Interest Payment Date:

Annually on 7 December (with the first interest payment date being 7 December 2022)

Maturity Date:

7 December 2031

Use of Proceeds:

The net proceeds from the bond issue, estimated at €79.2 million after issuance costs, will be used by the Group for the following purposes, in the amounts and order of priority set out below:

  • €20 million for the redemption and cancellation of the 5.8% IHI plc 2021 unsecured bonds redeemable on 21 December 2021, by way of maturing bond transfer and redemption of any remaining bonds in issue.
  • €9 million to finance obligations arising under the preliminary lease agreement pertaining to the Corinthia Hotel Rome, which includes pre-operating costs, purchasing of supplies and operating equipment, and other capital expenditure towards the general cost of works for the development of the hotel.
  • €8 million for the partial financing of a premium payable under the management contract for the Corinthia Hotel New York.
  • €14 million for the partial financing of preparatory works at the Hal-Ferh Site including excavation, demolition and development of a car park adjacent to the site.
  • €20 million to finance the soft refurbishment of the Corinthia Palace Hotel & Spa (€5 million) and the Corinthia Hotel St.

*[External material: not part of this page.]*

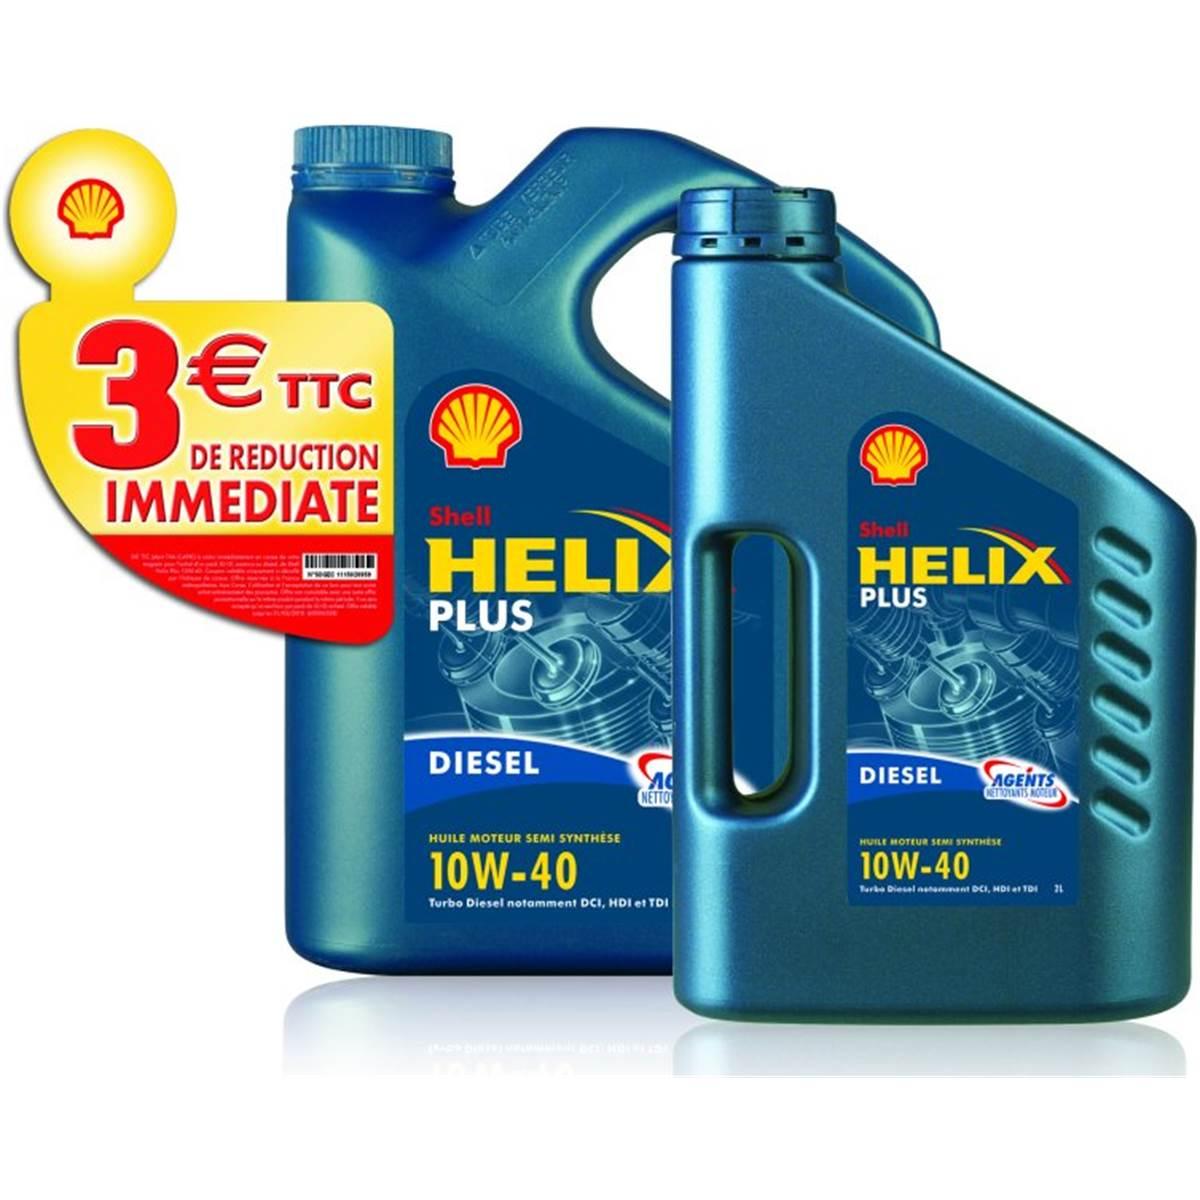 Huile semi-synthèse Shell Helix Diesel Plus 10W40 5L + 2L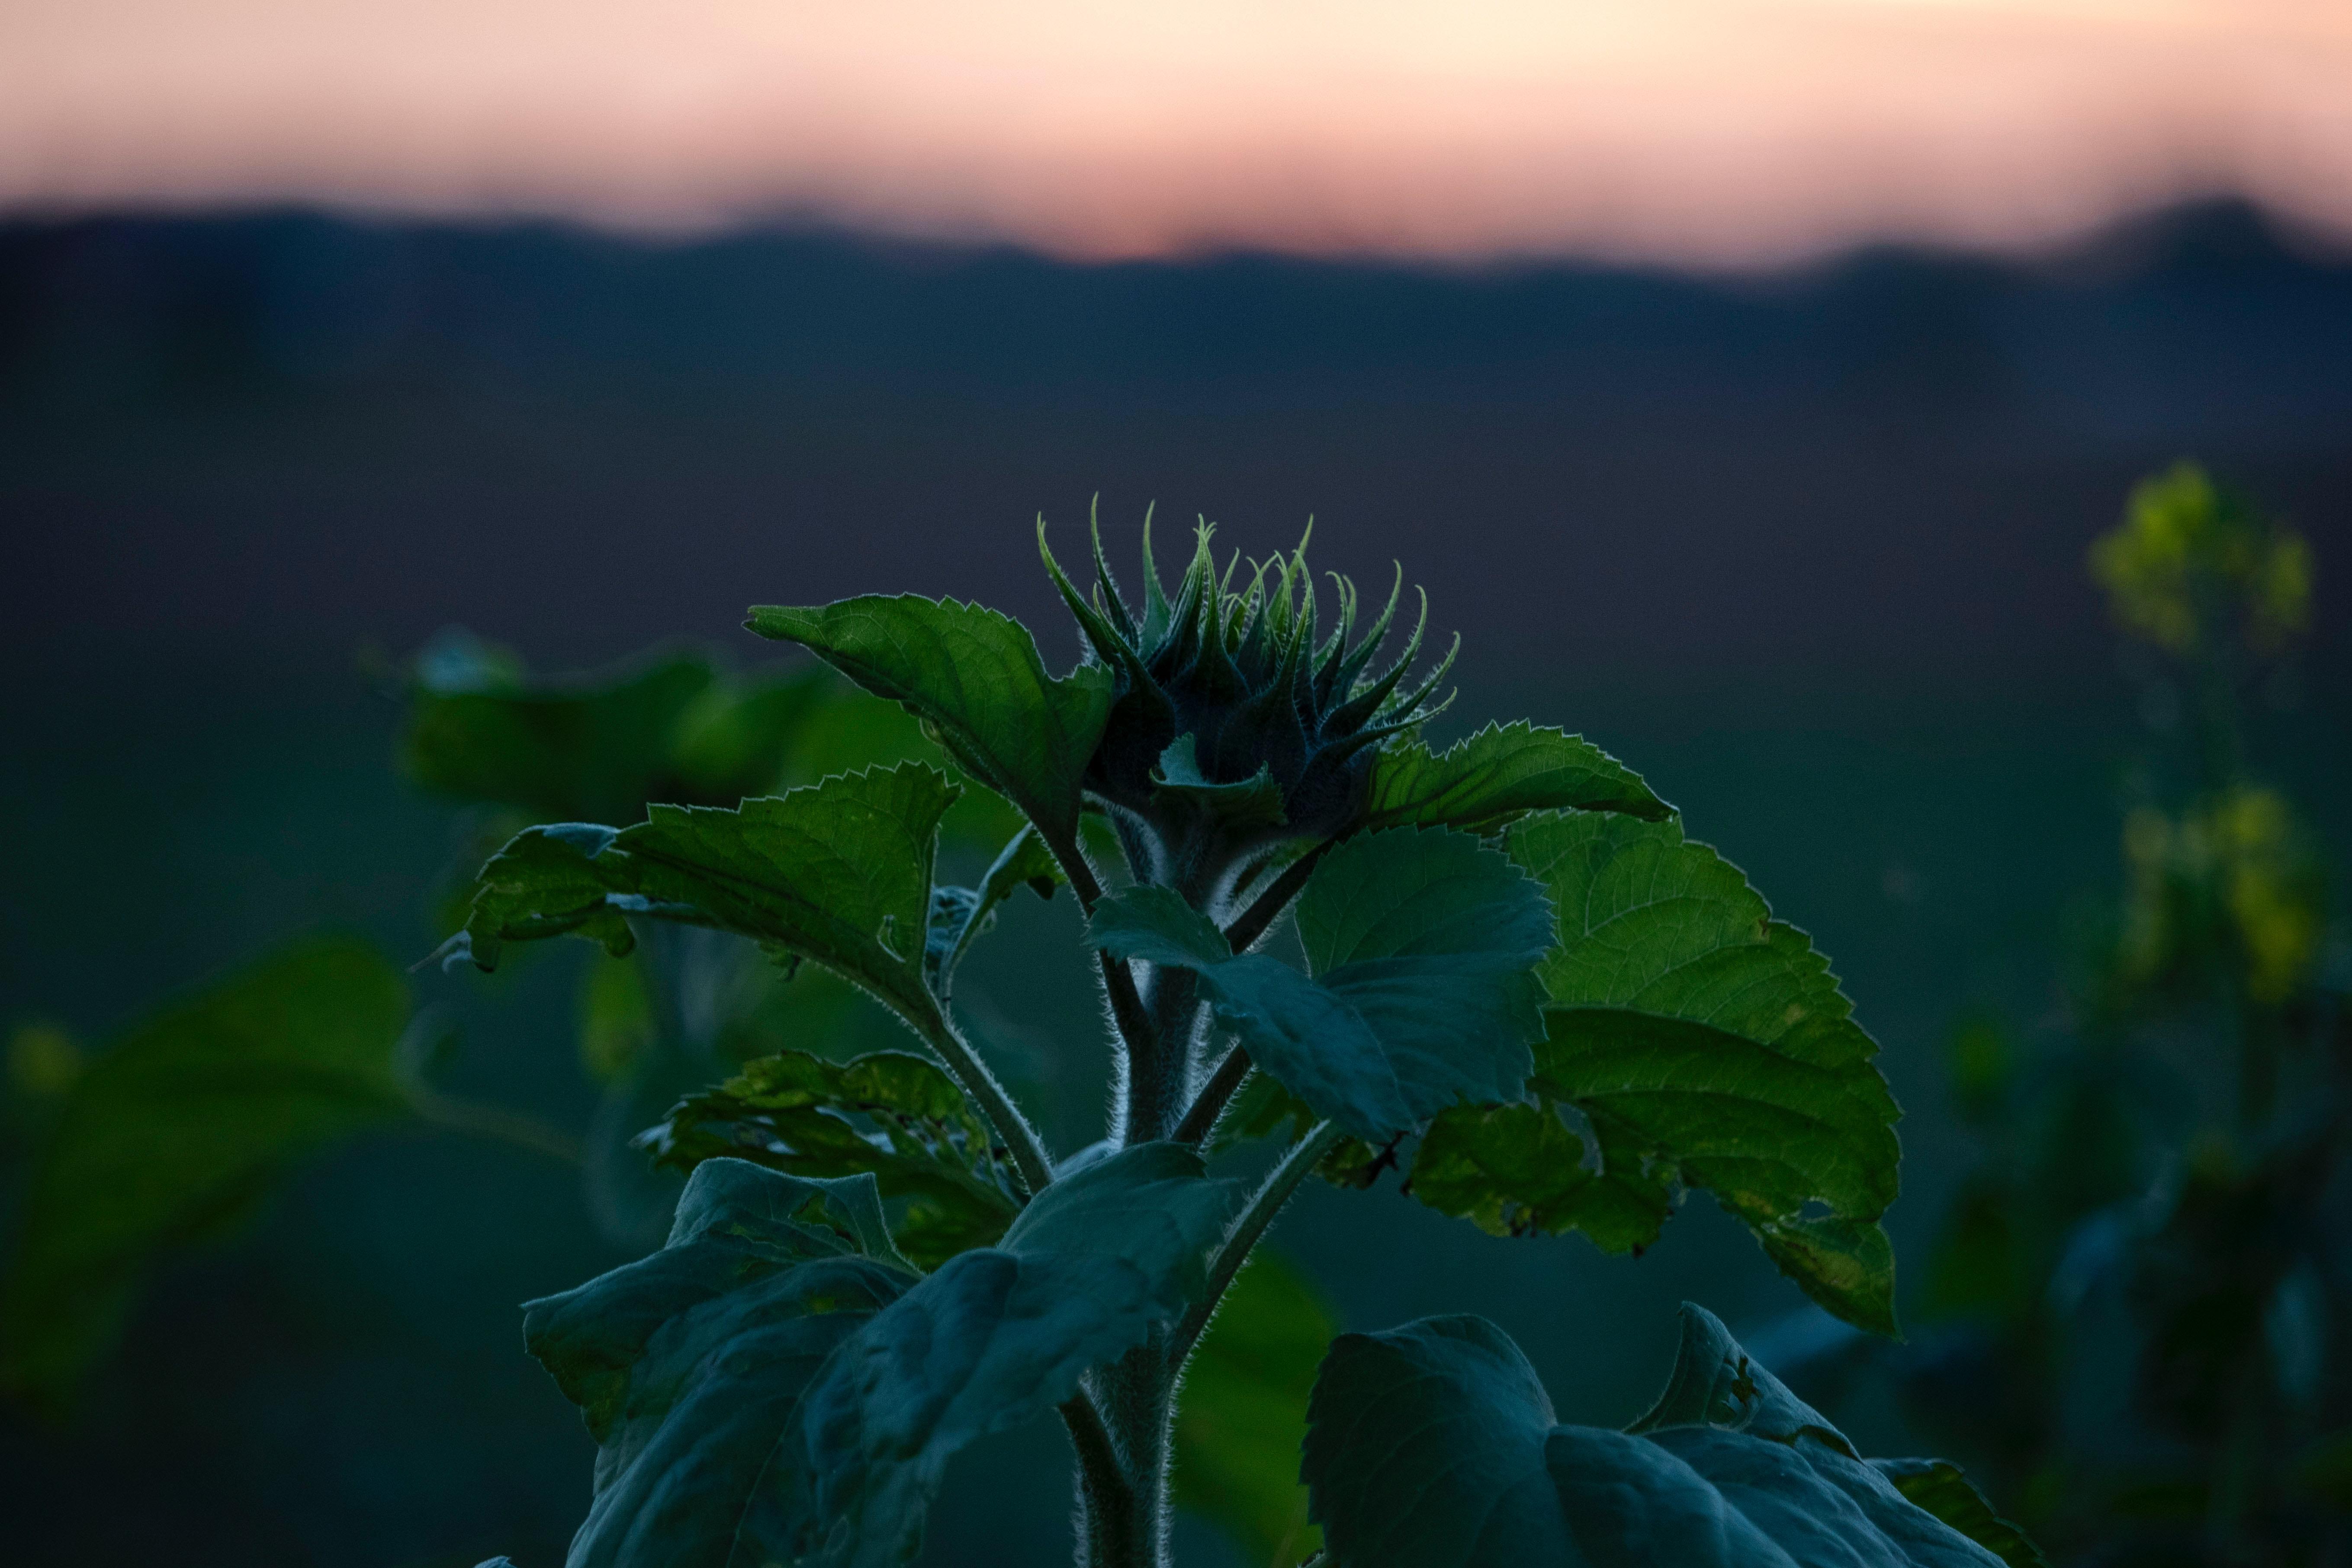 Foto Stok Gratis Tentang Bunga Fokus Selektif Hijau

George’s Bay (€15 million).
  • €8.2 million for general corporate funding purposes of IHI.

Status & Ranking:

The bonds will constitute the general, direct, unsecured, and unconditional obligations of the Issuer and will, at all times, rank pari passu, without any priority or preference among themselves and with other unsecured debt of the Issuer, present and future, if any.

This means that any secured or privileged debts of the Issuer will rank at all times ahead of the obligations of the Issuer under the bonds, as a result of which bondholders may not be able to recover in full or in part their investment in the bonds in the case of insolvency or an equivalent situation, whether in full or in part.

Furthermore, subject to a negative pledge clause found in the Prospectus dated 28 October 2021, third party security interests may be registered which will rank in priority to the Bonds against the assets of the Issuer, as the case may be, for so long as such security interests remain in effect, which registration may further impede the ability of bondholders to recover their investment upon enforcement of such security interests, whether in full or in part.

Plan of Distribution:

Maturing Bond Transfer

Holders of the 5.8% IHI plc 2021 unsecured bonds (“Maturing Bondholders”) may elect to settle all or part of their current bond holding by the transfer to the Issuer of Maturing Bonds at par value, subject to a minimum application of €2,000 (nominal).

Placement Intermediaries’ Offer

An amount of €30 million of the bond issue is reserved for subscriptions from Placement Financial Intermediaries through Placement Agreements.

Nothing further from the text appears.